Schedule

WAN will take place entirely at the ESPRIT building.

Kevin Perrot
Rice-like complexity lower bounds for automata networks
I will survey recent advances on general complexity lower bounds for automata networks, basically establishing that, for any MSO sentence φ, the problem of deciding whether the dynamics of a given automata network verifies phi is either O(1), or NP-hard, or coNP-hard. MSO sentences offer a general framework to define graph-theoretic properties, such as the existence of fixed points, bijectivity, connectedness, etc. Precisely, the statements have subtleties and variants, that we now better understand using modern tools from finite model theory applied to so called cliquewidth.
 

Maximilien Gadouleau
Boolean networks and their trapspaces
A trapspace is an invariant subcube of a Boolean network (BN). In this talk, we shall first investigate what happens when two BNs have the same collections of trapspaces. This will lead us to define "trapping" BNs; we shall explore their structure and show that they are closely related to commutative BNs.
 

Bastien Chopard
Characterization of collective behaviors of autonomous vehicles using a discrete numerical model
The impact on traffic fluidity of a collection of autonomous cars is discussed in this presentation.  Autonomous vehicles offer the possibility to control their behaviors by algorithms out of reach of human drivers. Here we consider the problem of lanes merging, a situation that often causes severe traffic jams on highways. We propose an algorithm that allows autonomous cars to switch from a two-lane flow to a one-lane flow, without having to reduce speed. Collectively, this algorithm has consequences on the traffic at large scale. We show how the various parameters of the algorithm affect the global traffic pattern and the efficiency of the process.
 

Noa Izsak
Learning Broadcast Protocols
The problem of learning a computational model from examples has been receiving growing attention. For the particularly challenging problem of learning models of distributed systems, existing results are restricted to models with a fixed number of interacting processes.
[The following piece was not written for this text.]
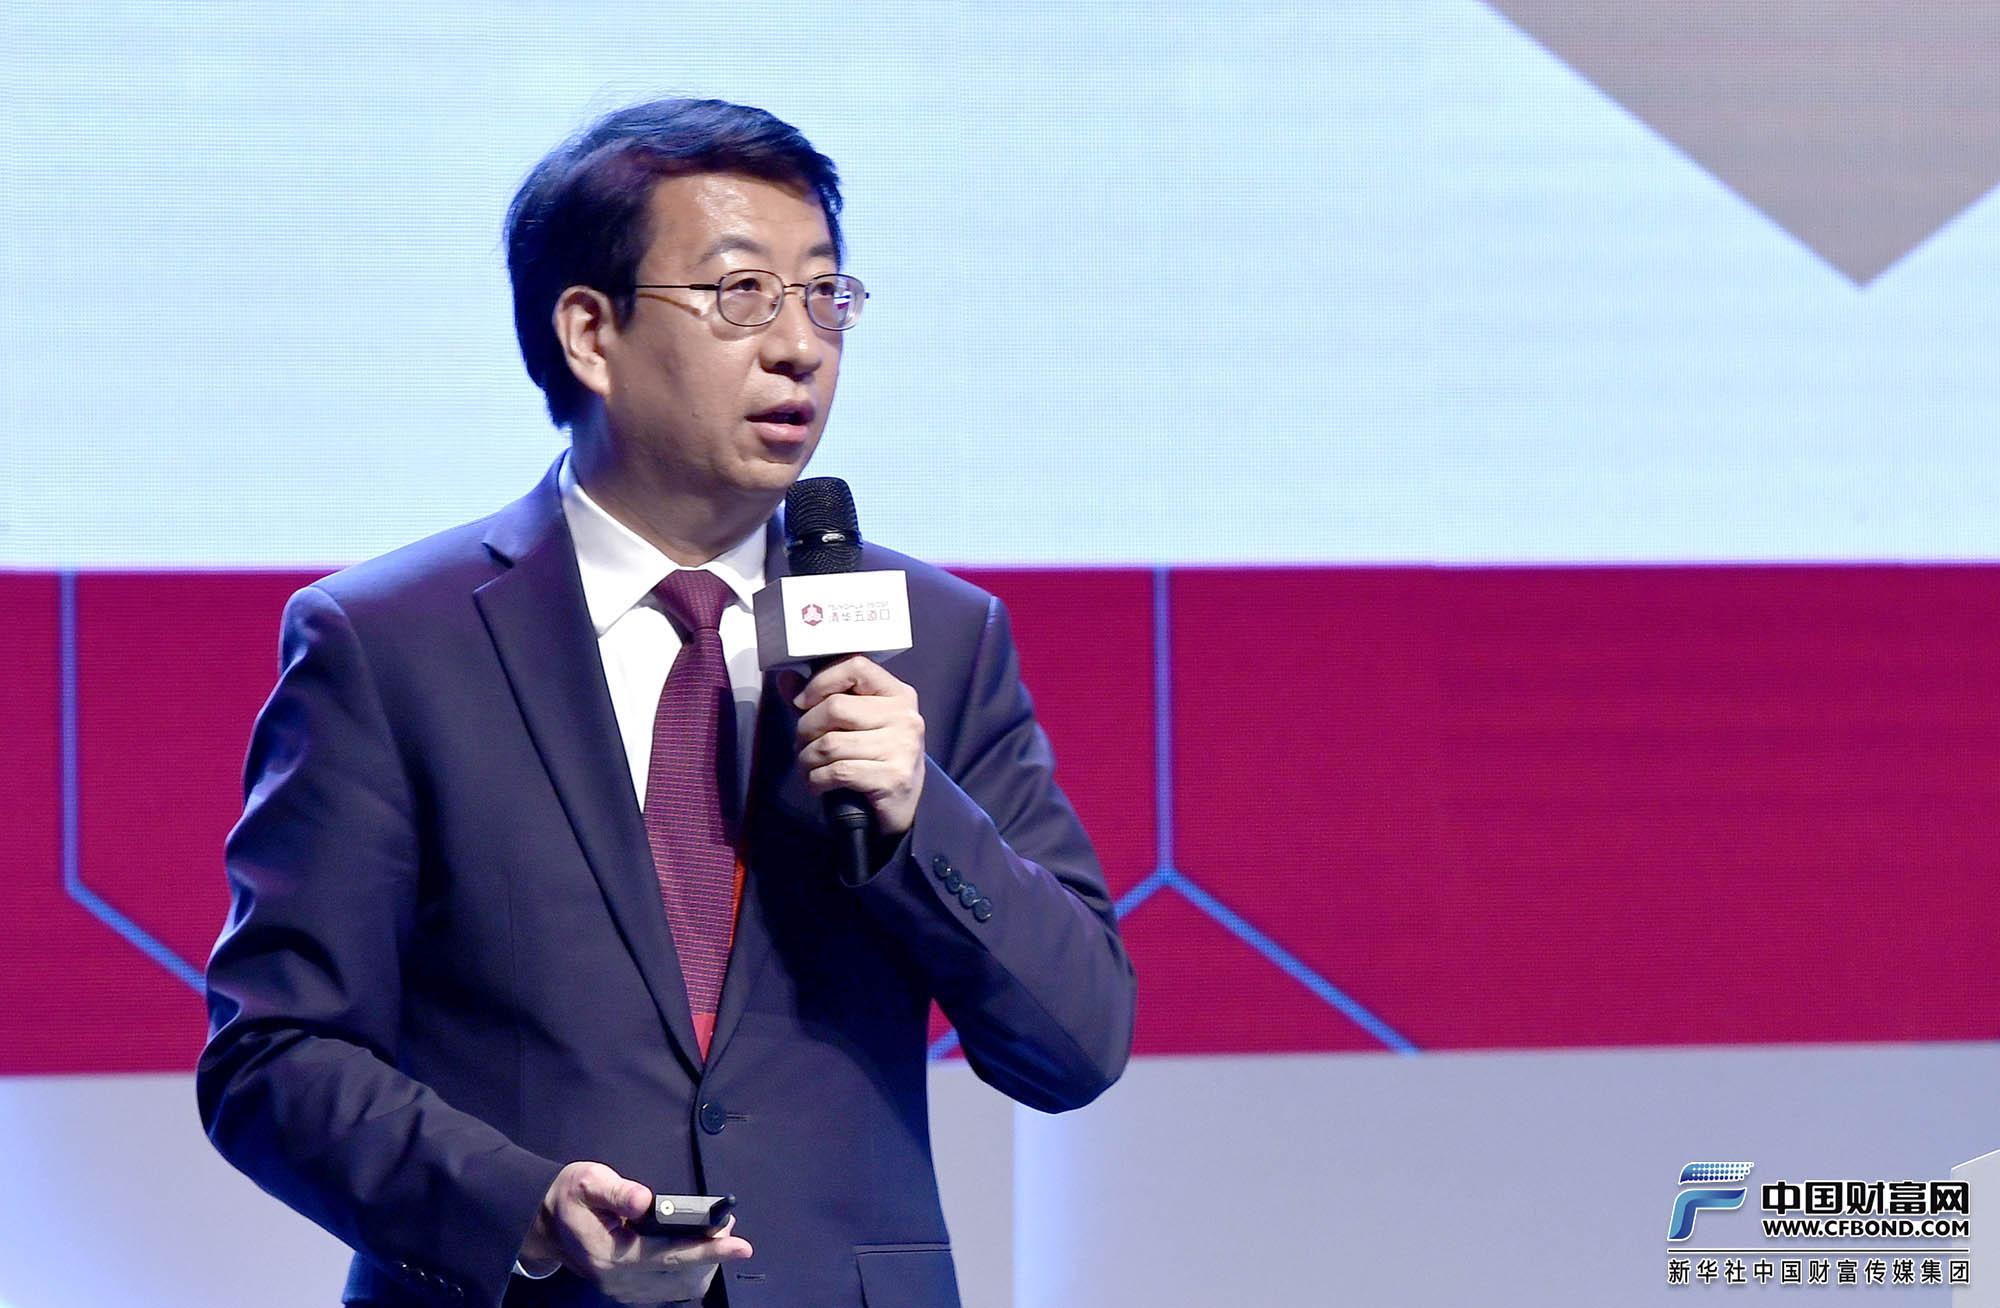 中金公司楚钢:企业家是推动创新和经济发展的主体

In this work, we look for the first time at the problem of learning a distributed system with an arbitrary number of processes, assuming only that there exists a cutoff, i.e., a number of processes that is sufficient to produce all observable behaviors. Specifically, we consider fine broadcast protocols, these are broadcast protocols (BPs) with a finite cutoff and no hidden states. We provide a learning algorithm that can infer a correct BP from a sample that is consistent with a fine BP, and a minimal equivalent BP if the sample is sufficiently complete. On the negative side we show that (a) characteristic sets of exponential size are unavoidable, (b) the consistency problem for fine BPs is NP-Hard, and (c) that fine BPs are not polynomially predictable.
 

Anna Nenca, Barbara Wolnik
One-side parity problem for cellular automata
The parity problem is a classic benchmark for the testing of the computational power of cellular automata. In the traditional formulation, the problem involves cyclic configurations of odd length, which should converge to a fixed point of all 0s or all 1s based on the initial number of 1s, without global access to the sequence. We are interested in exploring a kind of “halfway solutions", i.e., CAs that correctly classify all even configurations or all odd configurations. In particular, we are interested in whether there is a local rule solving the one-side parity problem that is less complicated (i.e. has a smaller neighborhood size) than the local rules solving the classical problem.
 

Florian Bridoux
Interaction Graph of Hamiltonian Automata Networks
An automata network with n components over a finite alphabet A is a discrete dynamical system described by the successive iterations of a function f: Aⁿ → Aⁿ. In other words, if at step t, the configuration of the system is x = (x₁, ..., x_n), then at step t+1, the configuration is f(x) = (f₁(x), ..., f_n(x)). The interaction graph of f is the directed graph with vertex set {1, ..., n} and an arc from vertex j to vertex i if f_i(x) depends on the input x_j for some x. In this talk, we aim to characterize the interaction graphs of Hamiltonian automata networks: automata networks whose dynamics form a unique cycle of length |A|ⁿ.